Dass Konsumenten weniger von der Art Landwirtschaft zu betreiben verstehen, läge auch daran, dass diese nicht mehr wie einst in der Mitte der Gesellschaft stattfinde. Im Zuge der Aussiedlung vieler Höfe sei der Kontakt verloren gegangen. Mit dem Verlust des Wissens über die Produktionsweise sei auch der Verlust der Wertschätzung verbunden.

„Wir produzieren Ferrari-Lebensmittel, nur unserer heimischen Bevölkerung ist dies nicht bewusst“ stellt Pelz-Thaller fest. Wichtig sei aber auch ein sympathischer, selbstbewusster und souveräner Auftritt. Es dürfe nicht beim Gegenüber der Eindruck entstehen eine dumme Frage gestellt zu haben. Zu einer gelingenden Kommunikation gehöre auch, sein Gegenüber zu beobachten und Ähnlichkeiten zu finden. Bei Gemeinsamkeiten seien Menschen eher bereit, sich zu öffnen. Demgegenüber sollte bei Dissens die Stärke aufgebracht werden, seinen eigenen Standpunkt kurzzeitig zu Gunsten der anderen Sichtweise zu verlassen.

Verantwortung für eigenes Handeln übernehmen

Der dritte und letzte Erfolgspfeiler seien Vorbilder. Meist werde die Schuld für die unliebsame Situation auf Politik, Verbände und Verbraucher übertragen, wodurch die Landwirte die Opferrolle einnähmen. Auf diesem Weg werde aber, so die Referentin, nicht nur Verantwortung, sondern auch Macht abgegeben. Dadurch sei man vom Wohlwollen anderer abhängig.

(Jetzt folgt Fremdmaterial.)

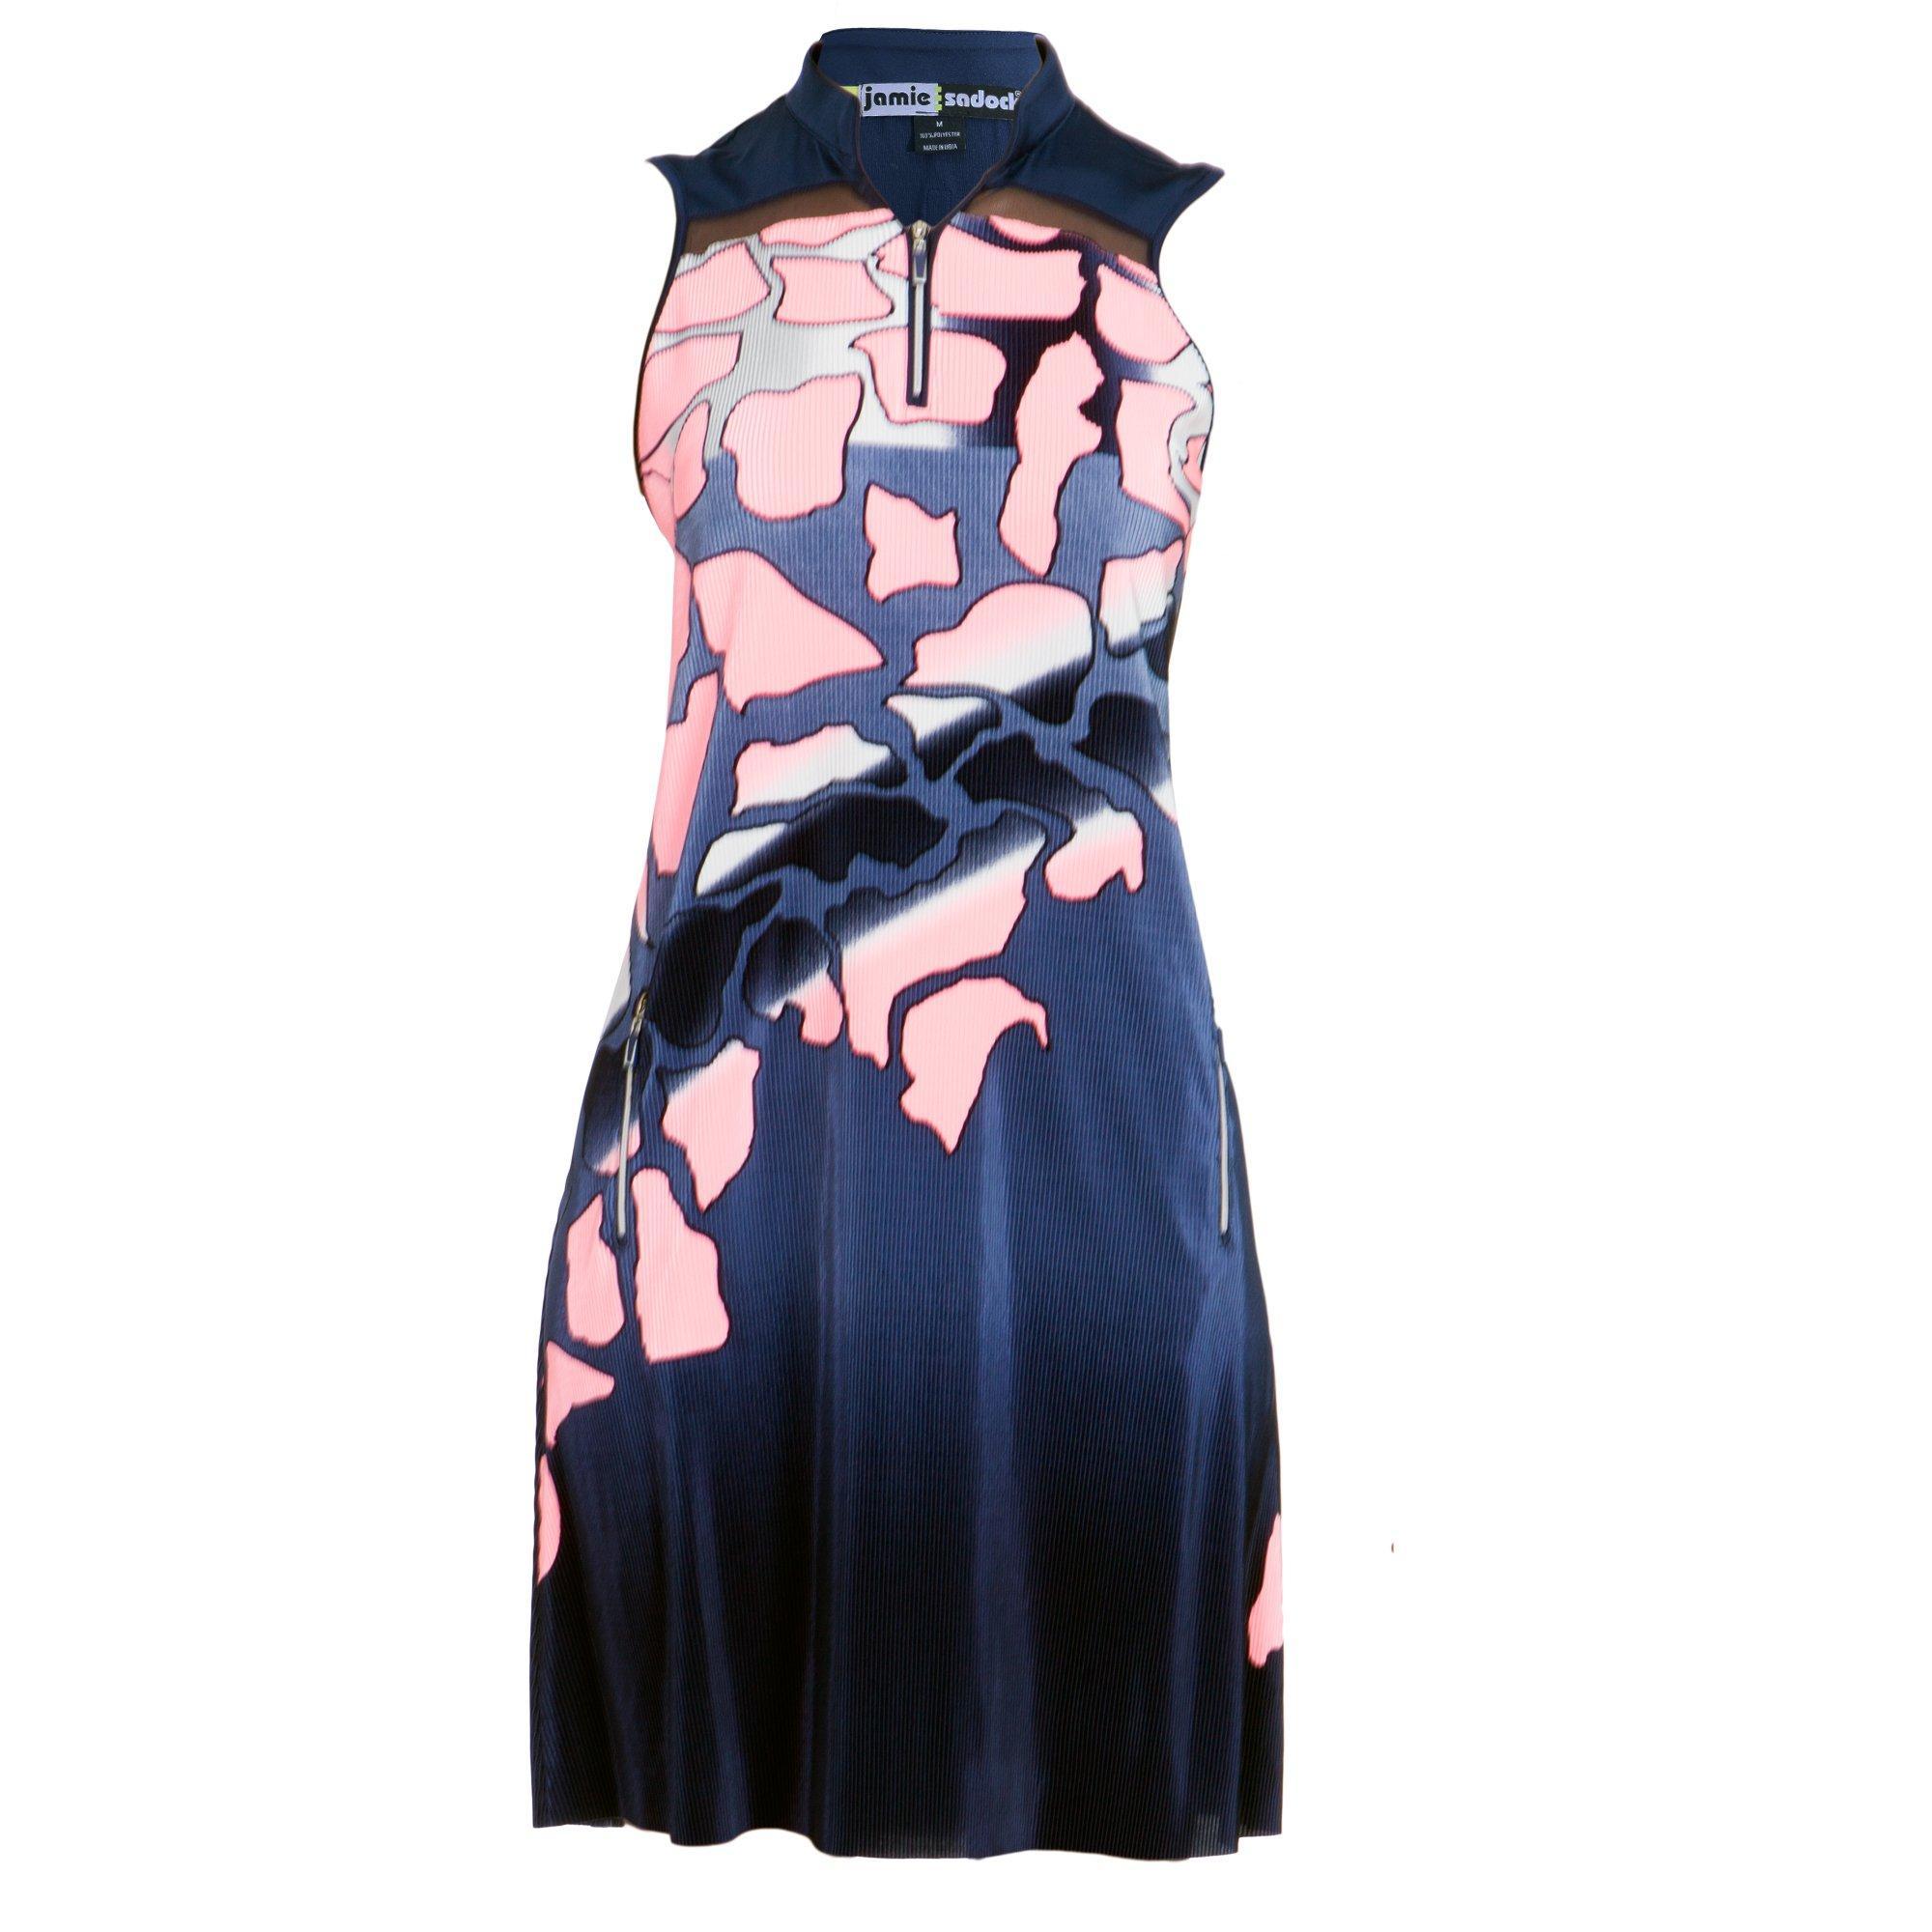 Women's Spring Camo Crunch Mock Neck Sleevless Dress

Zur Verdeutlichung führte sie den Unterschied zwischen einem Frosch und einem Adler an. Der Frosch überlässt die Verantwortung über das Leben der Natur und kümmert sich nicht selbst um seine Brut. Der Adler hingegen übernimmt die volle Verantwortung für seine Brut. Er baut sein Nest, legt die Eier, brütet sie aus, ernährt sie. Landwirte müssten die Verantwortung wieder übernehmen und aktiv werden. Denn Wissen alleine reiche nicht aus, Erfolg entstehe erst durch handeln.